Third, the processed
bam files are sorted and indexed:

                  samtools sort -Cakrawala sort_tempdir -o ENCFF000PED.chr12.rmdup.filt.sort.bam
                  \
                  ENCFF000PED.chr12.rmdup.filt.bam  samtools index ENCFF000PED.chr12.rmdup.filt.sort.bam  module unload samtools module unload picard module unload NGSUtils
                

This concludes processing of alignments to remove unwanted signal.

Finally
we can compute the
read coverage normalised to 1x coverage
using tool

bamCoverage

from deepTools, a set of tools developed for ChIP-seq data analysis and visualisation. Normalised tracks enable comparing libraries sequenced to a different depth when viewing them in a genome browser such as

IGV
.

Here we use normalisation per genomic content

--normalizeUsing
RPGC

which scales the coverage to 1x, enabling us to compare tracks from different libraries (which have a different library size).
RPGC (sendirisendiri polong) = number of reads per bin / scaling factor for 1x average coverage. The scaling factor, in turn, is determined from the sequencing depth: (kuantitas number of mapped reads * fragment length) / effective genome size.

We are still working with subset of data (chromosomes 1 and 2) hence the
effective genome size
used here is 492449994 (4.9e8). For
hg19
the effective genome size would be set to 2.45e9 (see publication.

The reads are extended to 110 nt
(the fragment length obtained from the cross correlation computation) and
summarised in 50 bp bins
(no smoothing).

                  module load deepTools/3.3.2  bamCoverage --bam ENCFF000PED.chr12.rmdup.filt.sort.bam
                  \
                  --outFileName ENCFF000PED.chr12.cov.norm1x.bedgraph
                  \
                  --normalizeUsing RPGC --effectiveGenomeSize
                  492449994
                  --extendReads
                  110
                  \
                  --binSize
                  50
                  --outFileFormat bedgraph
                

Cumulative enrichment¶

Cumulative enrichment, aka BAM fingerprint, is yet another way of assesing the quality of ChIP-seq signal. It determines how well the signal in the ChIP-seq sample can be differentiated from the background distribution of reads in the control input sample.

Cumulative enrichment is obtained by sampling indexed BAM files and plotting a profile of cumulative read coverages for each. All reads overlapping a window (polong) of the specified length are counted; these counts are sorted and the cumulative sum is finally plotted.

For factors that will enrich well-defined, rather narrow regions (such as transcription factors), the resulting plot can be used to assess the strength of a ChIP, but the broader the enrichments are to be expected, the less clear the plot will be. Vice versa, if you do not know what kind of signal to expect, the fingerprint plot will give you a straight-forward indication of how careful you will have to be during your downstream analyses to separate the noise from meaningful signal.

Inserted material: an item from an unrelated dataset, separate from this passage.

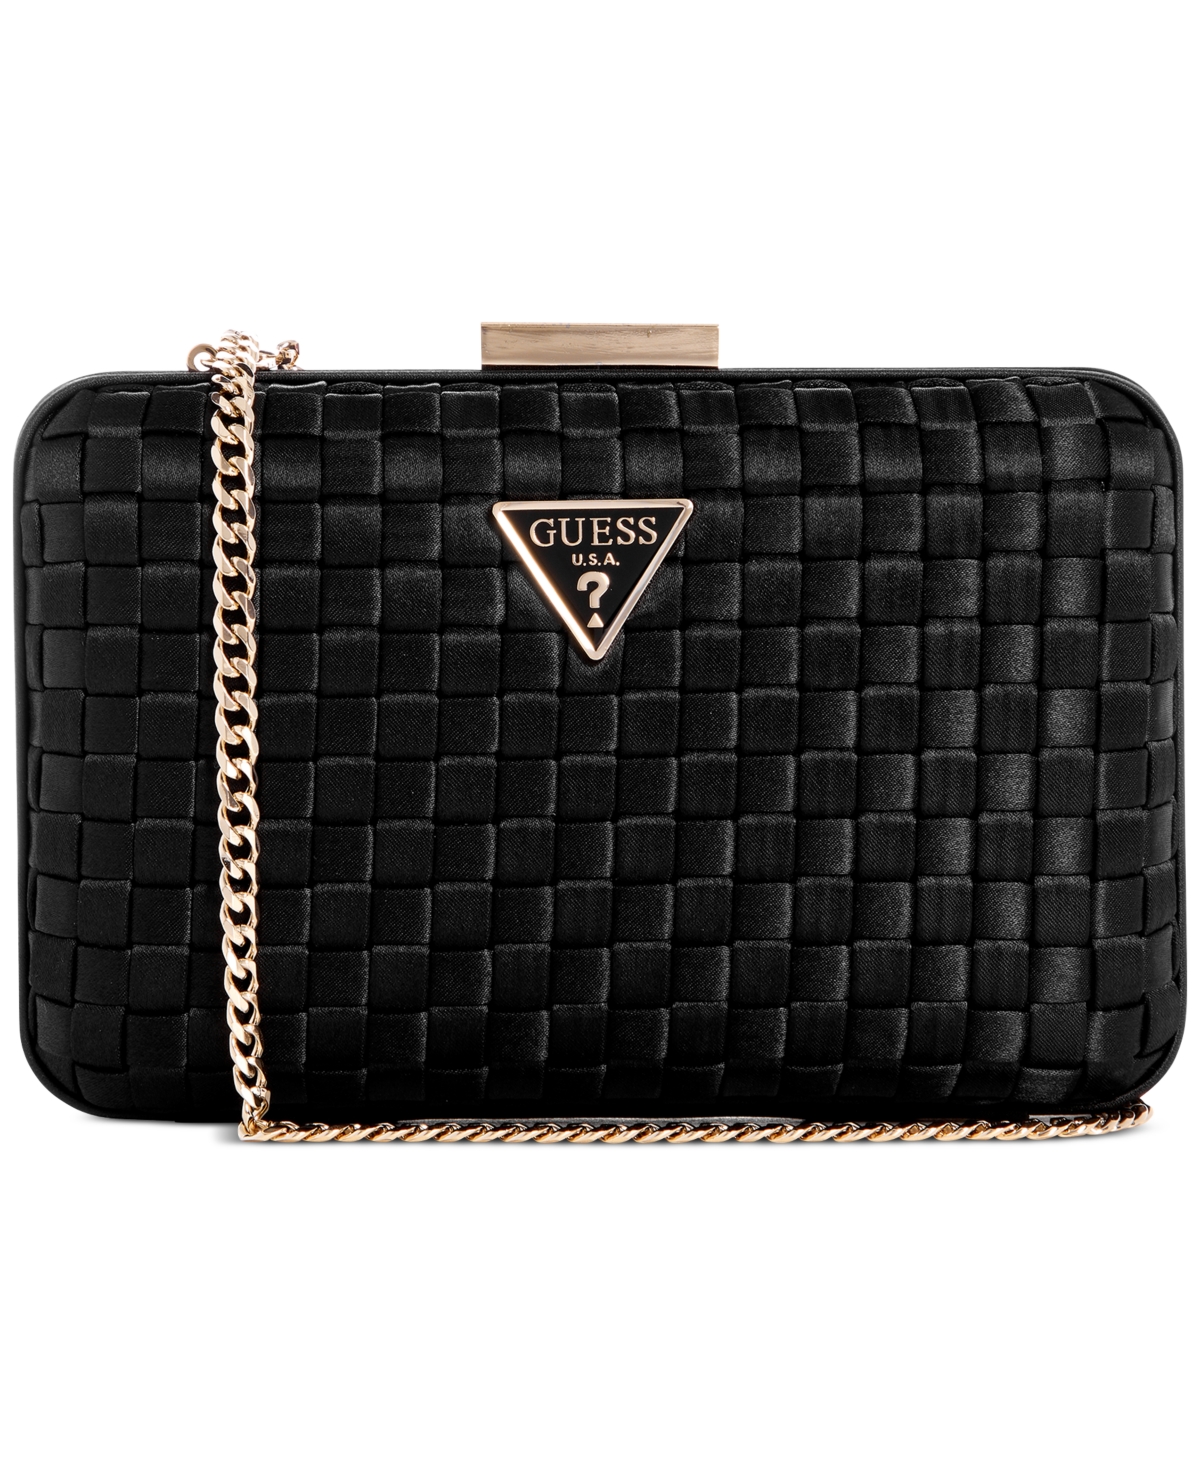 Guess Twiller Minaudiere Satin Small Crossbody In Black

To compute cumulative enrichment for HeLa REST ChIP and the corresponding input sample:

                  ln -s ../../data/bam/hela/ENCFF000PED.chr12.rmdup.sort.bam ENCFF000PED.chr12.rmdup.filt.sort.bam ln -s ../../data/bam/hela/ENCFF000PED.chr12.rmdup.sort.bam.bai ENCFF000PED.chr12.rmdup.filt.sort.bam.bai  plotFingerprint --bamfiles ENCFF000PED.chr12.rmdup.filt.sort.bam
                  \
                  ../../data/bam/hela/ENCFF000PEE.chr12.rmdup.sort.bam
                  \
                  ../../data/bam/hela/ENCFF000PET.chr12.rmdup.sort.bam
                  \
                  --extendReads
                  110
                  --binSize=
                  1000
                  --plotFile HeLa.fingerprint.pdf --labels HeLa_rep1 HeLa_rep2 HeLa_input -p
                  5
                  &> fingerprint.log
                

Have a look at the

HeLa.fingerprint.pdf
, read

deepTools

What the plots tell you and answer

  • does it indicate a good sample quality, i.e. enrichment in ChIP samples and lack of enrichment in input?

  • how does it compare to similar plots generated for other libraries (shown below)?

  • can you tell which samples are ChIP and which are input?

  • are the cumulative enrichment plots in agreement with the cross-correlation metrics computed earlier?

Figure 3. Cumulative enrichment for REST ChIP and corresponding inputs in different cell lines.

HepG2 cells

SK-Horizon-SH cells

../../../_images/hepg2fingerprint.png ../../../_images/sknshfingerprint.png

Sample clustering¶

To assess overall similarity between libraries from different samples and data sets
one can compute sample clustering heatmaps using multiBamSummary and plotCorrelation in bins mode from

deepTools
.

In this method the genome is divided into bins of specified size (
--binSize

indikator) and reads mapped to each bin are counted. The resulting signal profiles are used to cluster libraries to identify groups of similar signal profile.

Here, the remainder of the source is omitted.